WHAT YOU ARE ASKED TO DO: Output the lines of the entries below beginning at the one with "Tiffany & Co." and ending with the last, exactly as written and without pictures.

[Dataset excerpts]
+ + + +

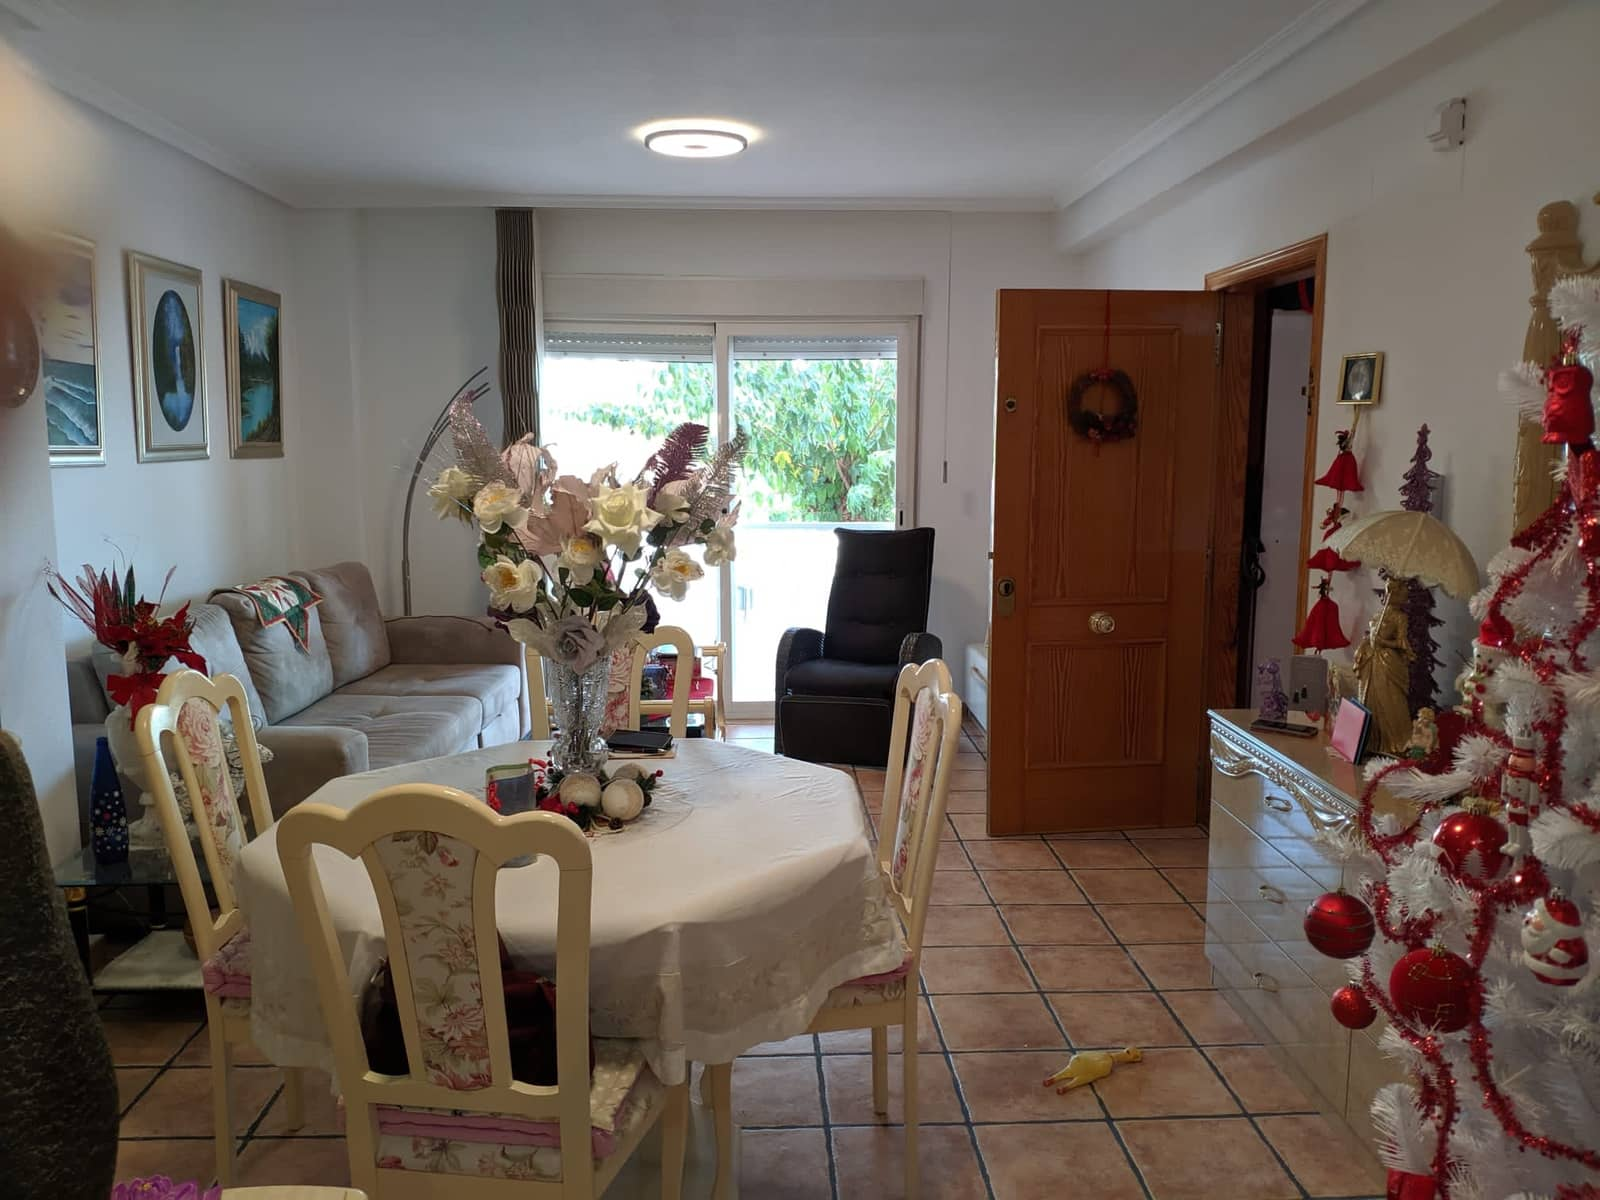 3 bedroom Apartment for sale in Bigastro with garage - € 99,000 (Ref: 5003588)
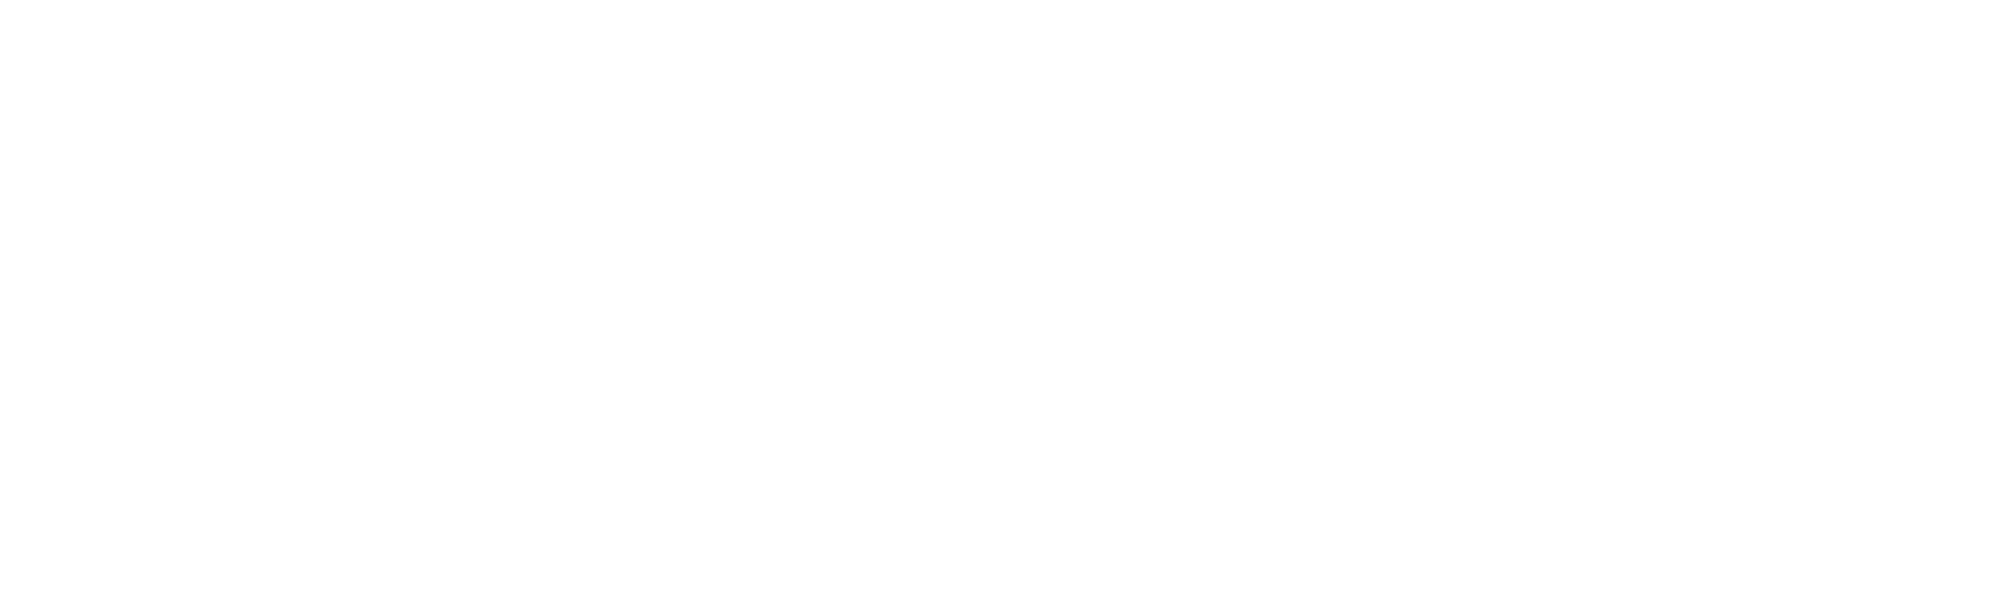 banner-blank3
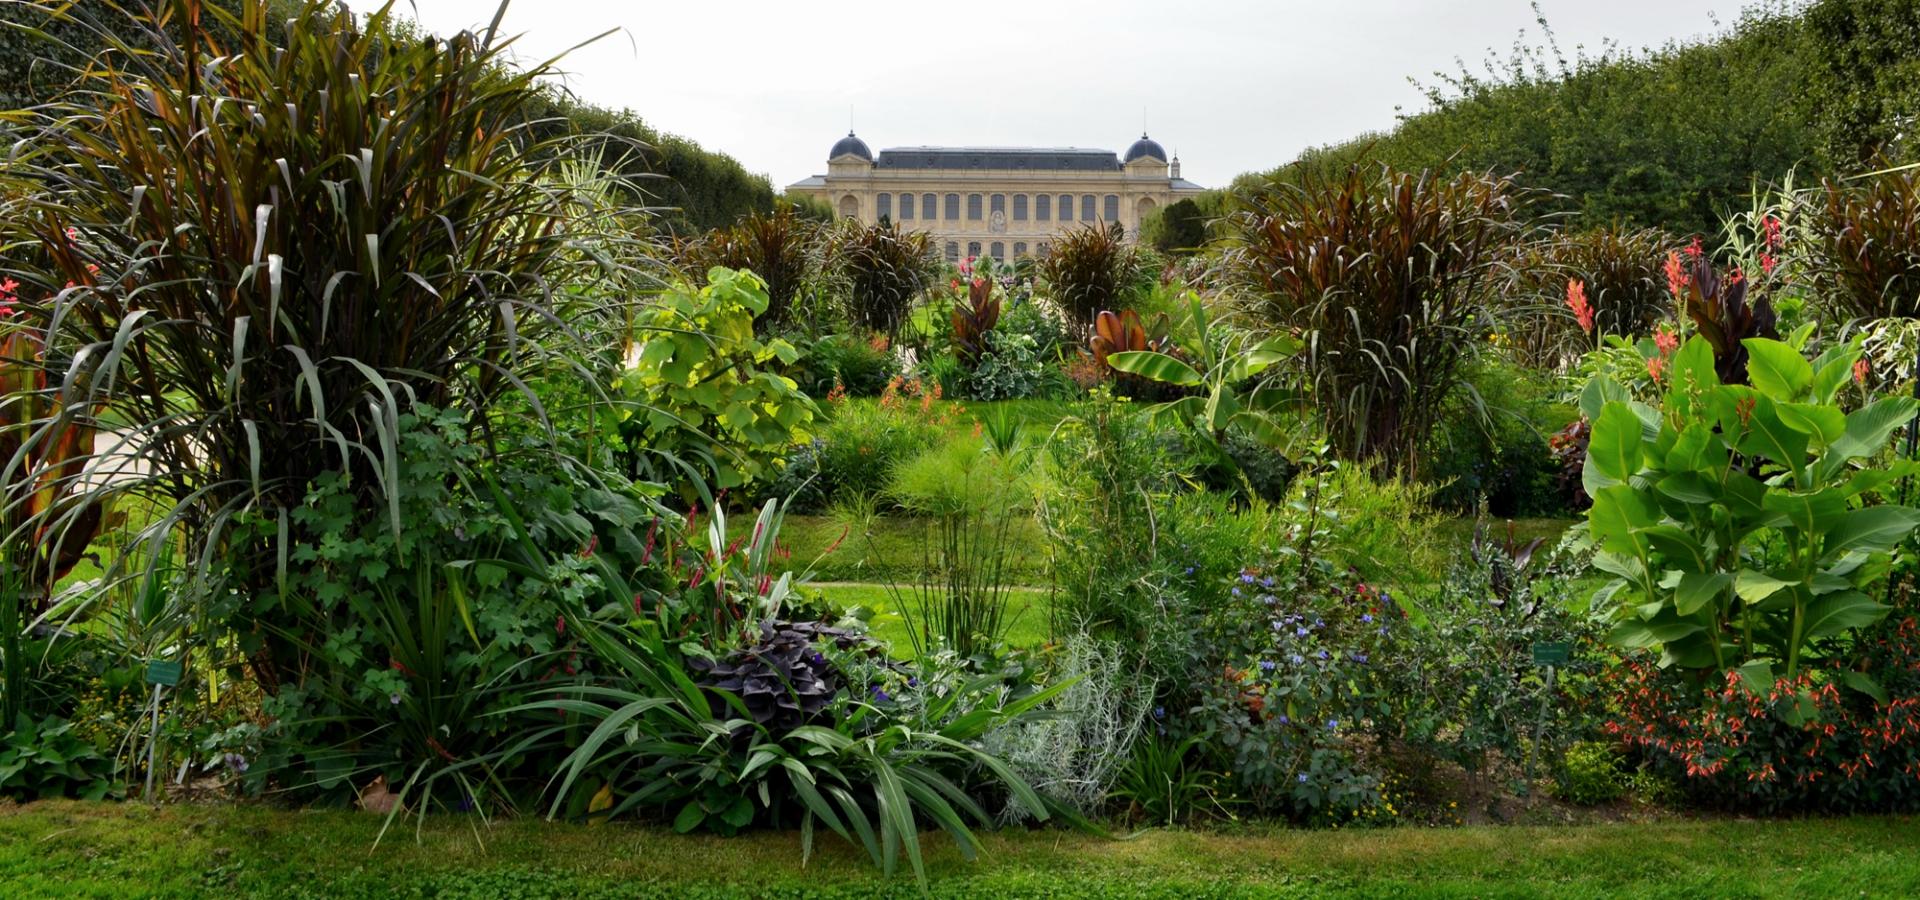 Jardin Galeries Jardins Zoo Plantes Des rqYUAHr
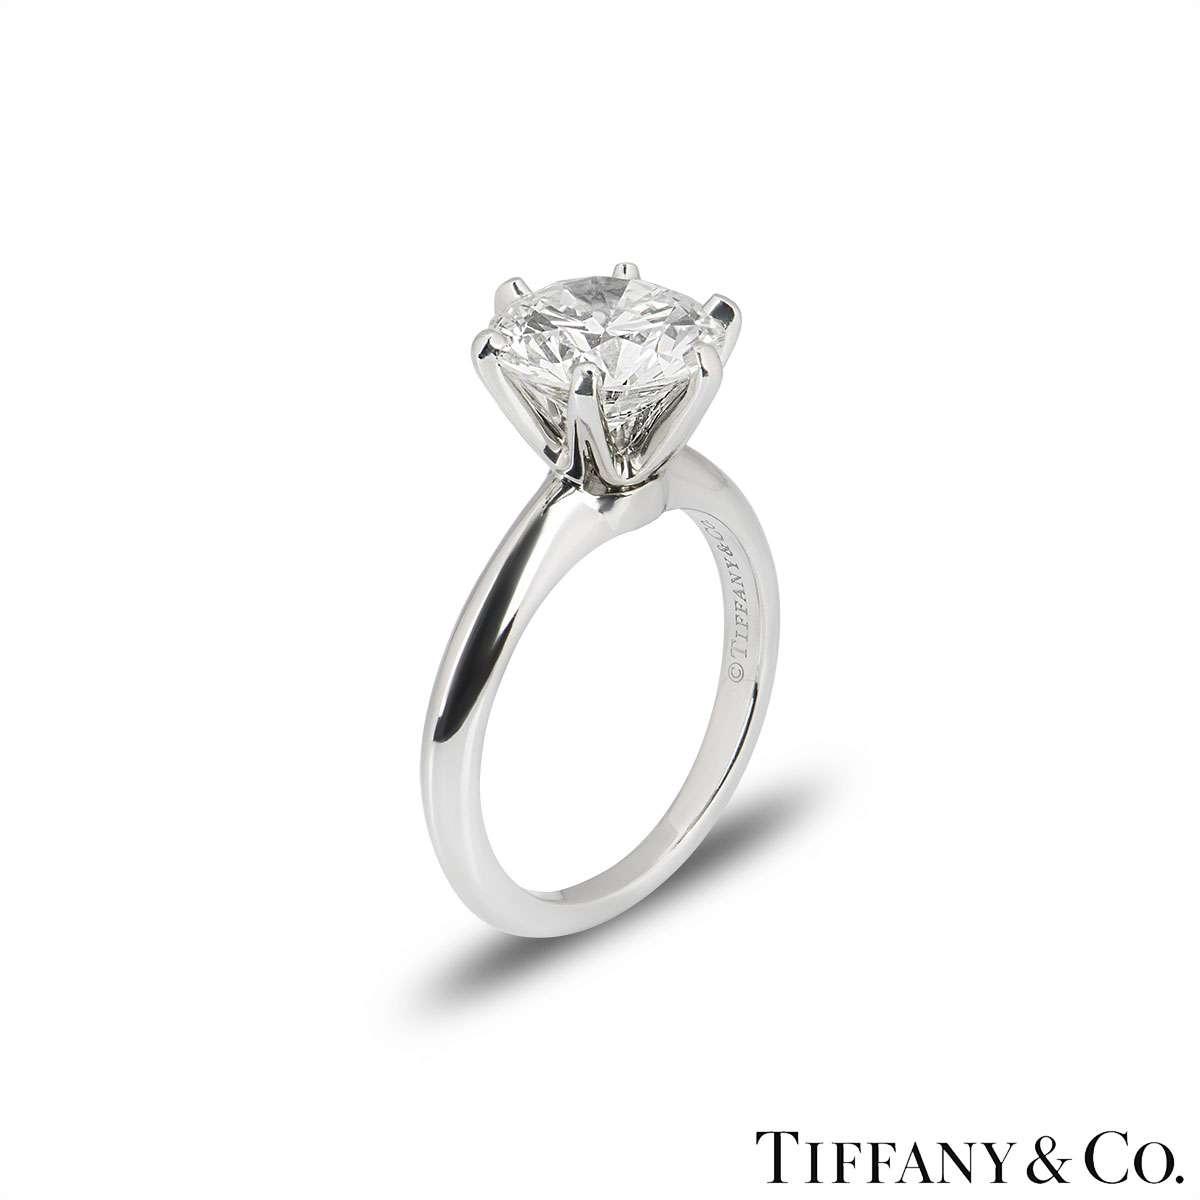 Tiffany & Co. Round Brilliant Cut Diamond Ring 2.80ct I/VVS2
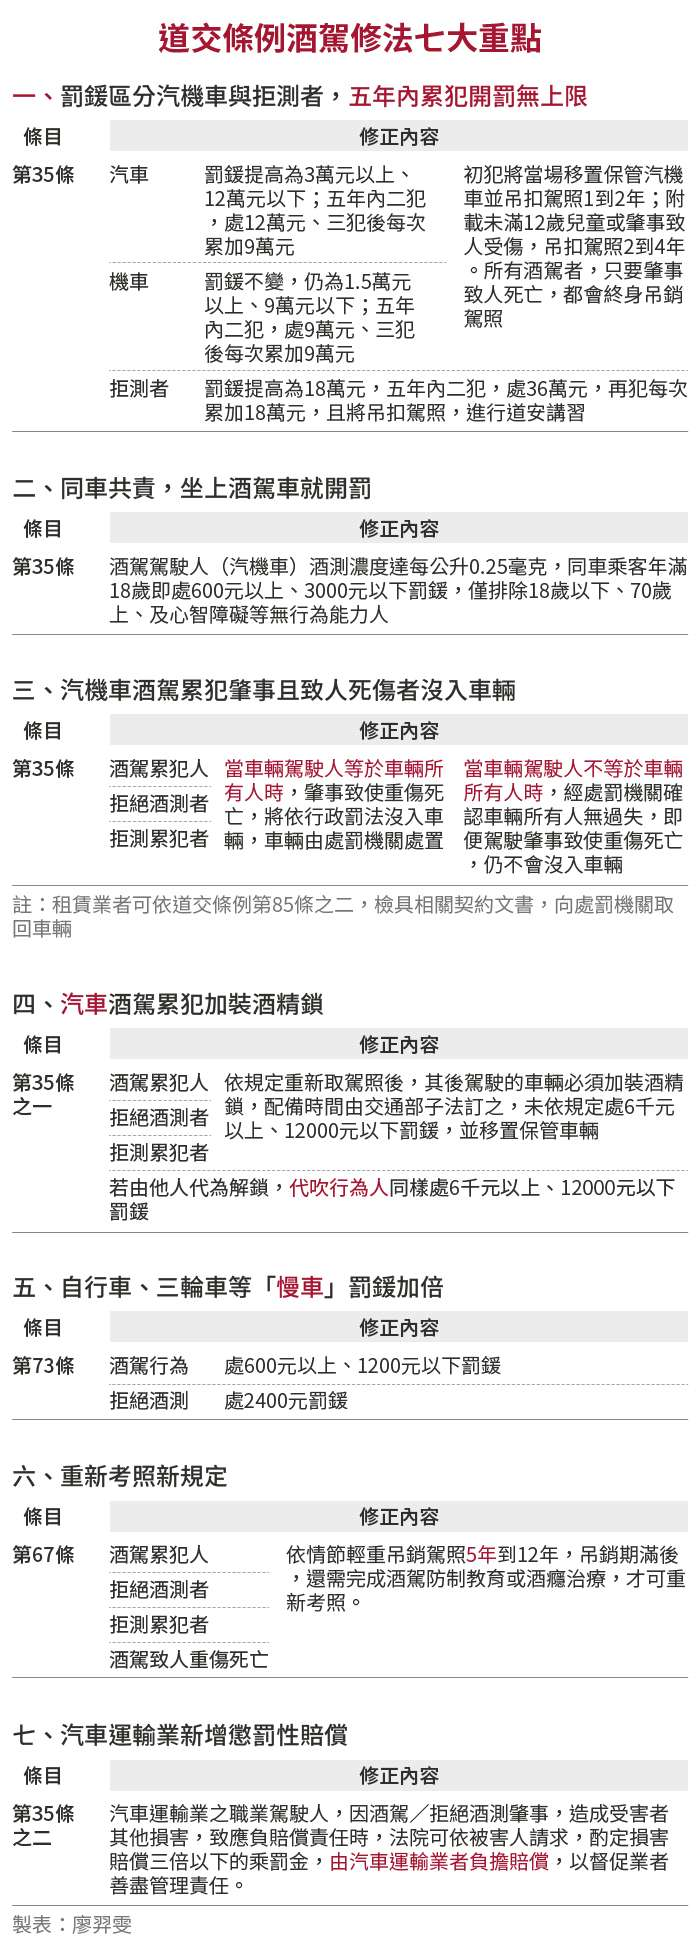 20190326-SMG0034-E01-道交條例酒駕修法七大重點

+ + + +

EXERCISE ANSWER:
 Tiffany & Co. Round Brilliant Cut Diamond Ring 2.80ct I/VVS2
 20190326-SMG0034-E01-道交條例酒駕修法七大重點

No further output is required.